On sait que l’appel tend à la réformation ou à l’annulation de la décision rendue par la juridiction du premier degré. Mais comme l’article 542 du Code de procédure civile ne le dit pas, c’est bien l’appel voie d’achèvement, qui permet donc d’achever le procès devant la Cour, et non l’appel voie de réformation, qui est consacré par notre Code de procédure civile.
La liberté des plaideurs est presque totale puisqu’ils disposent, en appel, de la possibilité de présenter des moyens nouveaux et des pièces nouvelles, le principe d’interdiction des demandes nouvelles étant atténué par les, articles 565 et 566 du Code de procédure civile.
À l’instar du principe de double degré de juridiction qui n’a pas valeur constitutionnelle, la conception de l’appel voie d’achèvement est loin d’être un droit acquis comme en témoignent aujourd’hui les discussions qui agitent la communauté des juristes.

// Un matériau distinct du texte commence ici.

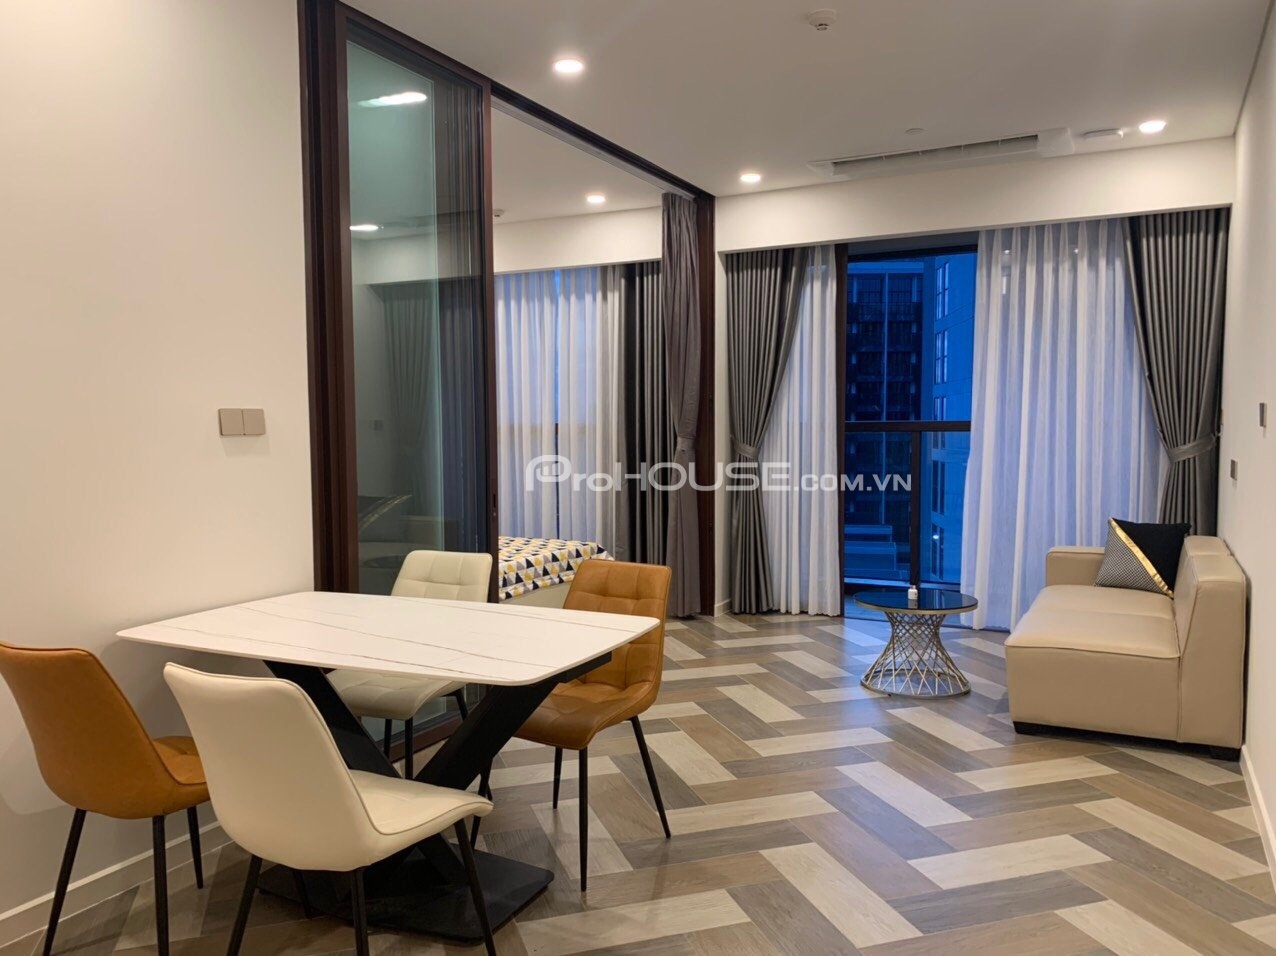 Beautiful view 1 bedroom apartment for sale in The Galleria with full furniture

Celle-ci semble se diviser en deux : d’un côté les garants de la gestion des flux, de l’autre les protecteurs d’un large accès au juge pour le justiciable. On ne sera donc pas étonné de voir actuellement le Premier président de la Cour de cassation et la Présidente de la Conférence des premiers présidents des cours d’appel afficher leur préférence pour l’appel voie de réformation, et les avocats, plus timidement il est vrai mais généralement soutenus par les professeurs de droit, plaider pour la voie d’achèvement. Car l’enjeu est majeur et ce sont bien deux conceptions de la justice qui s’opposent.
Déjà, le rapport, remis au garde des Sceaux par la commission Magendie évoquait un effet pervers de l’appel voie d’achèvement qui « a été de dissoudre la fonction de la première instance, souvent considérée comme un galop d’essai et de transformer l’instance d’appel en une seconde première instance, cette tendance étant favorisée par l’effet suspensif de l’appel et n’ayant pas été sans effet également pervers sur la pratique des pourvois en cassation et, subséquemment, sur la conception du rôle de la Cour de cassation » [1].

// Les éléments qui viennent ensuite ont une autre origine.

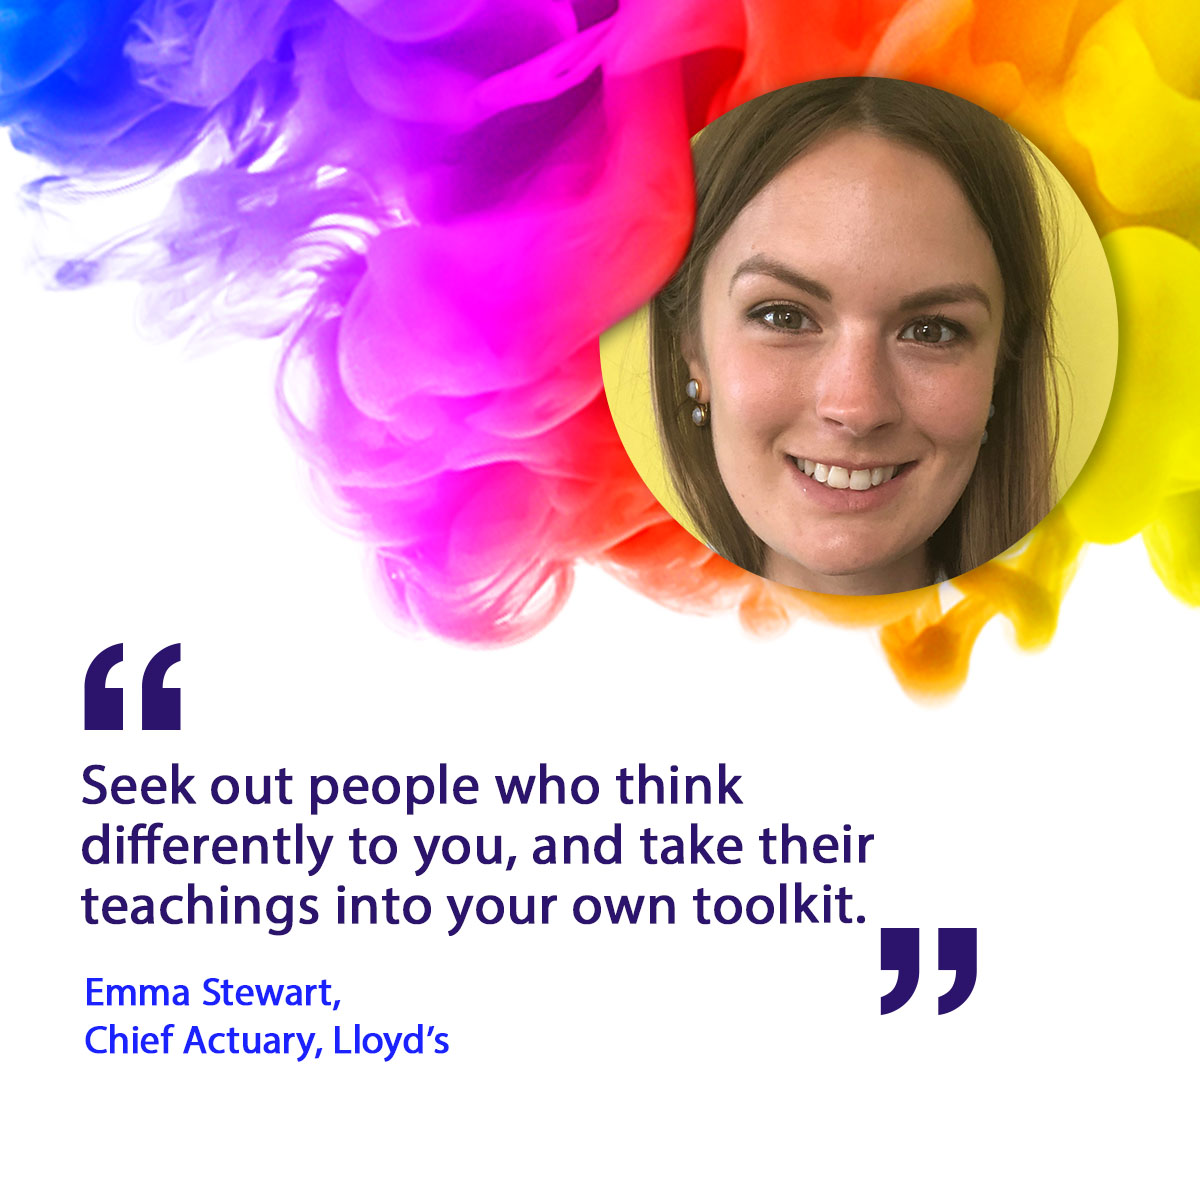 Emma Stewart says seek out people who think differently to you and take their teachings into your own toolkit.

Alors que les décrets Magendie n’ont pas remis en question l’appel voie d’achèvement mais ont encadré strictement les obligations procédurales des plaideurs, il n’est donc pas étonnant que le débat ressurgisse précisément aujourd’hui à l’occasion des questionnements sur le rôle de la Cour de cassation. Lors de son allocution d’ouverture aux débats sur la réforme de la Haute juridiction, le Premier président de la Cour de cassation rappelait l’effet d’accélération sur le traitement des dossiers et celui restrictif sur le nombre de pourvois que pourrait avoir un appel voie de réformation [2].
Quelques jours plus tard, il ajoutait que la disparition des avoués aurait dû militer en faveur de l’appel voie de réformation et que la justification d’un appel voie d’achèvement « a disparu dès lors qu’un professionnel unique conduit le procès devant les deux degrés de juridiction et qu’on peut donc attendre de lui, de sa science et de sa responsabilité, qu’il en ait une vision complète et continue dès son commencement » et concluait « pourtant cette évolution ne serait-elle pas un puissant aliment du changement culturel nécessaire tout à la fois, à la promotion des modes alternatifs de règlement, à la décélération de la demande en justice, à la réduction du délai de traitement des affaires— puisqu’on ferait l’économie de la mise en état devant le juge d’appel , et en fin de compte, à la transformation de la physionomie du pourvoi en cassation à laquelle on réfléchit beaucoup à la Cour en cette période ? » [3].